Dünyanın farklı noktalarında sıcaklık ve basınçta değişimler yaratan iklim değişikliği hayvanları göçe zorluyor ve patojenlerin yayılmasını tetikliyor. Örneğin küresel sıcaklık ortalamasındaki 2-3ºC’lik artış sivrisineklerin göç rotalarına etki edeceğinden, sıtma riski altındaki insan nüfusunu %3-5 oranında artırması bekleniyor. Buna ek olarak, Klinik Mikrobiyolog ve Virolog Prof. Dr. Selim Badur’un da belirttiği gibi “Su ve ormanların kötü kullanımının enfeksiyon etkeni, taşıyıcılarının kontrolden çıkmasına neden oluyor. Tarım alanlarının gereksiz genişletilmesi ve ormanların tahrip edilmesi, burada bulunan canlıların ve taşıdıkları mikroorganizmaların kentlere göçüne sebep olabiliyor.”

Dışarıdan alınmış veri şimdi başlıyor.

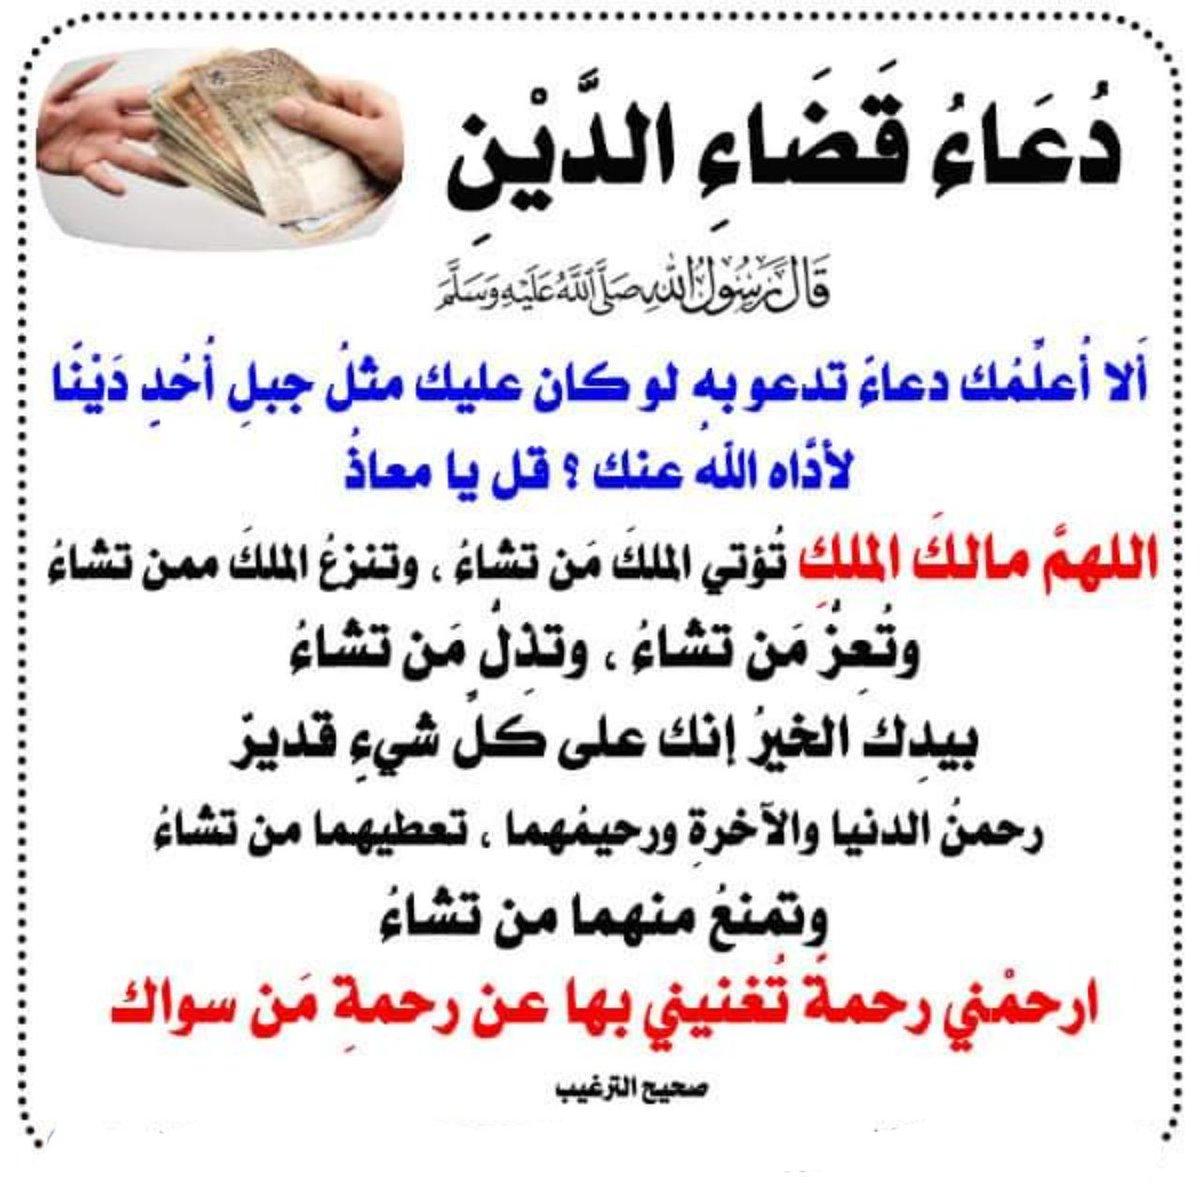 Hanan On Twitter العنود العيسى يامن تكاثرت عليه الديون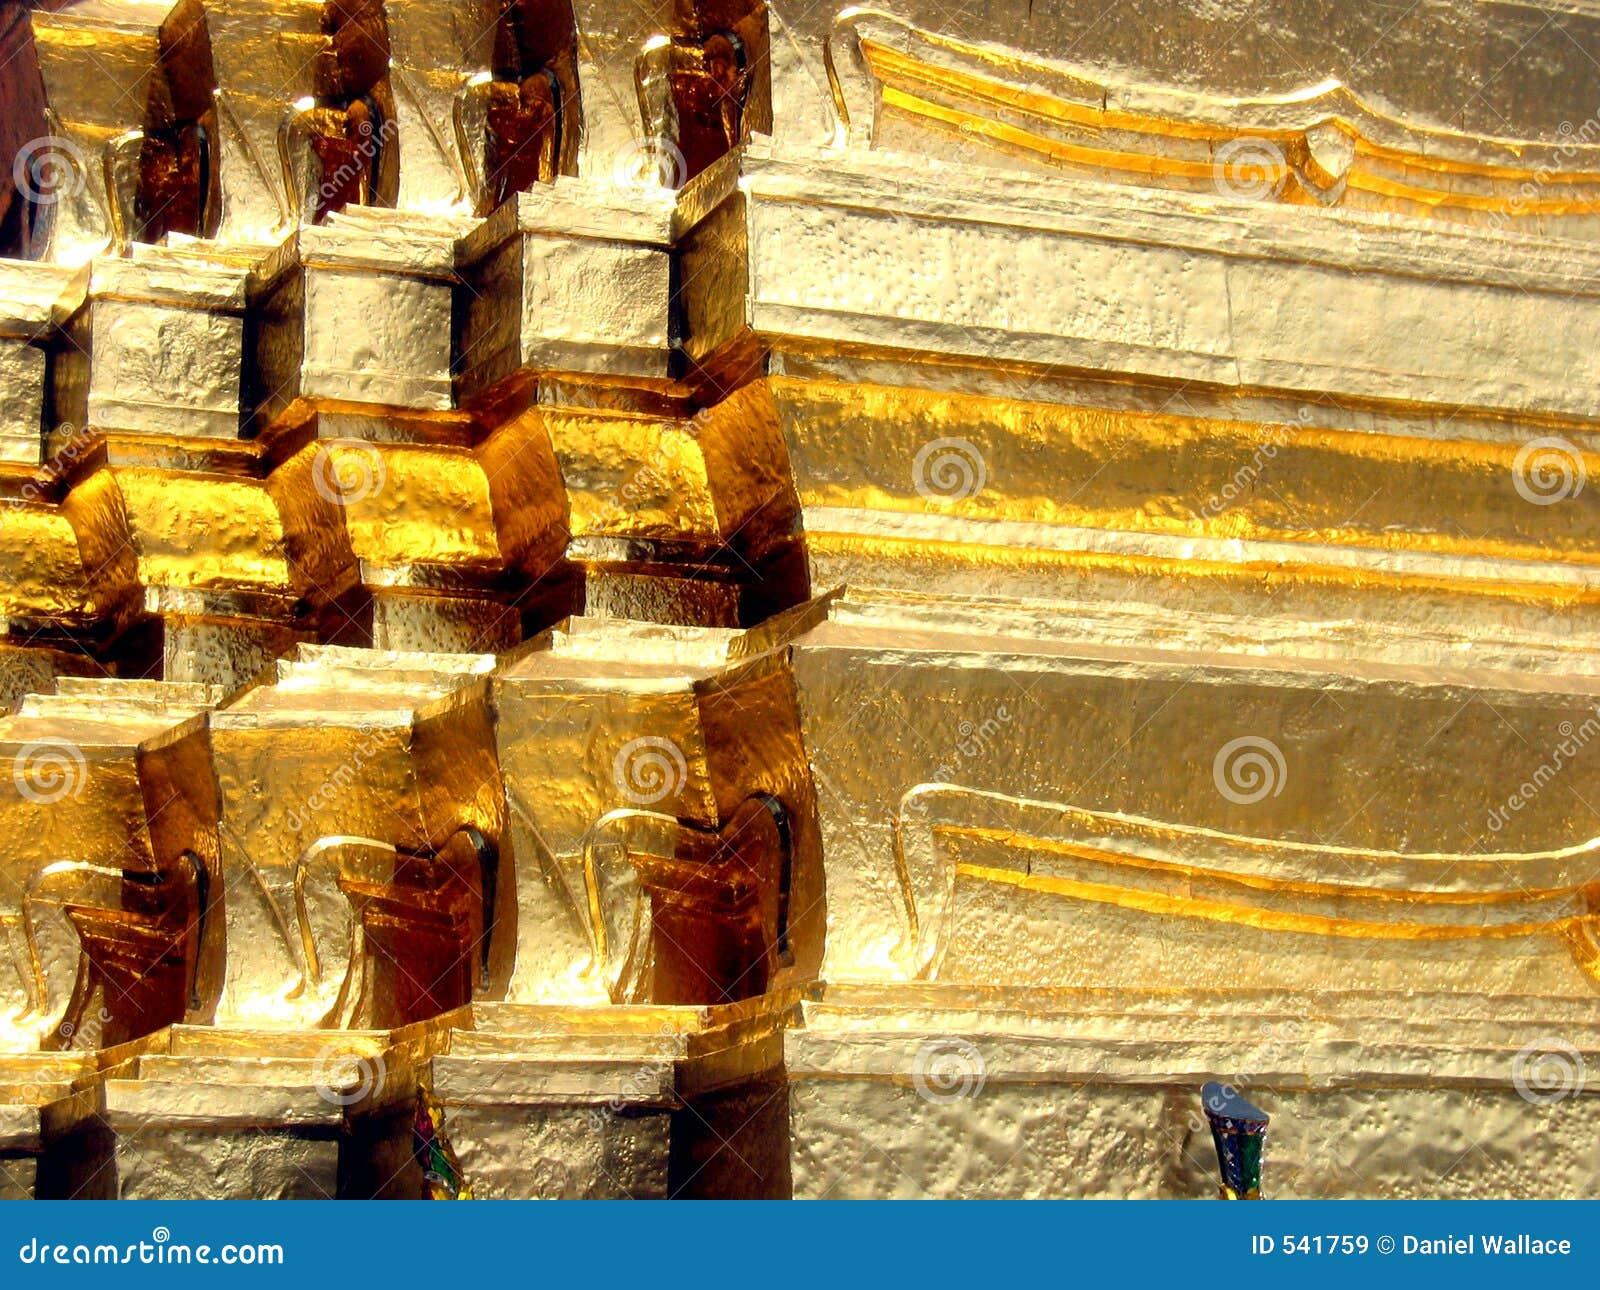 Download 金黄寺庙 库存图片. 图片 包括有 轰隆的, 寺庙, 详细资料, 旅游业, 宫殿, 金子, 晴朗, 天空, 金属 - 541759

Çevre ve Sağlık Uzmanları Karar Vericileri İşbirliğine Çağırıyor
Bilgi notu, 1980’den bu yana yeni salgın hastalıkların sayısında artış görüldüğünün altını çiziyor. WWF-Türkiye’den Yaban Hayatı Uzmanı ve Veteriner Hekim Ahmet Emre Kütükçü; “Bugüne kadar bilinen bulaşıcı hastalıkların %75’ini hayvanlardan insanlara bulaşan (zoonoz) hastalıklar oluşturuyor. Yeni görülen bulaşıcı hastalıkların %60’ıysa yaban hayvanları kaynaklı zoonozlar. HIV/AIDS, SARS, ebola, kuduz, leptospirozis, batı Nil virüsü dahil pek çok etkenin de hayvanlardan insana geçtiği, milyonlarca ölüme ve hastalığa yol açtığı unutulmamalı.” diye belirtiyor. Çalışma habitat parçalanması ve ormansızlaşmanın insan ve yaban hayvanları gibi normal koşullarda karşılaşması güç olan farklı türlerin etkileşimini arttırıp, farklı birçok zoonoz etkenin insanlara bulaşmasına neden olduğunun altını çiziyor. İstanbul Üniversitesi’nden Orman Mühendisi Prof. Dr. Doğanay Tolunay “Bundan sonraki salgınların olmaması için ormansızlaşmanın önlenmesi, vahşi hayvan ticareti ile kaçak avcılığın yasaklanması ve kontrol altına alınması gereklidir. Ekosistemlerin sağlığıyla insanların sağlığı birbirinden ayrı düşünülemez” şeklinde konuştu.
COVID-19 pandemisi gibi küresel krizlere yönelik alınabilecek birincil önlemler çevre sağlığını ve “Tek Sağlık” yaklaşımını ön planda tutuyor. Bu kapsamda, özellikle karar vericiler için bir dizi önerinin de paylaşıldığı bilgi notunda;
- Sağlık Etki Değerlendirmesi (SED) yönteminin hayata geçmesi,
- Yaban hayatı avlanması ve ticaretinin durdurulması,
- Kirletici ve madencilik gibi sektörlere yönelik kamu harcamalarının kaldırılması tavsiye ediliyor.
- Ayrıca, halk sağlığı, hayvan ve bitki sağlığı ile çevre gibi farklı alanlarda çalışan kişilerin ortak çalışmalar yaparak kapasiteleri güçlendirmesinin önemi belirtiliyor.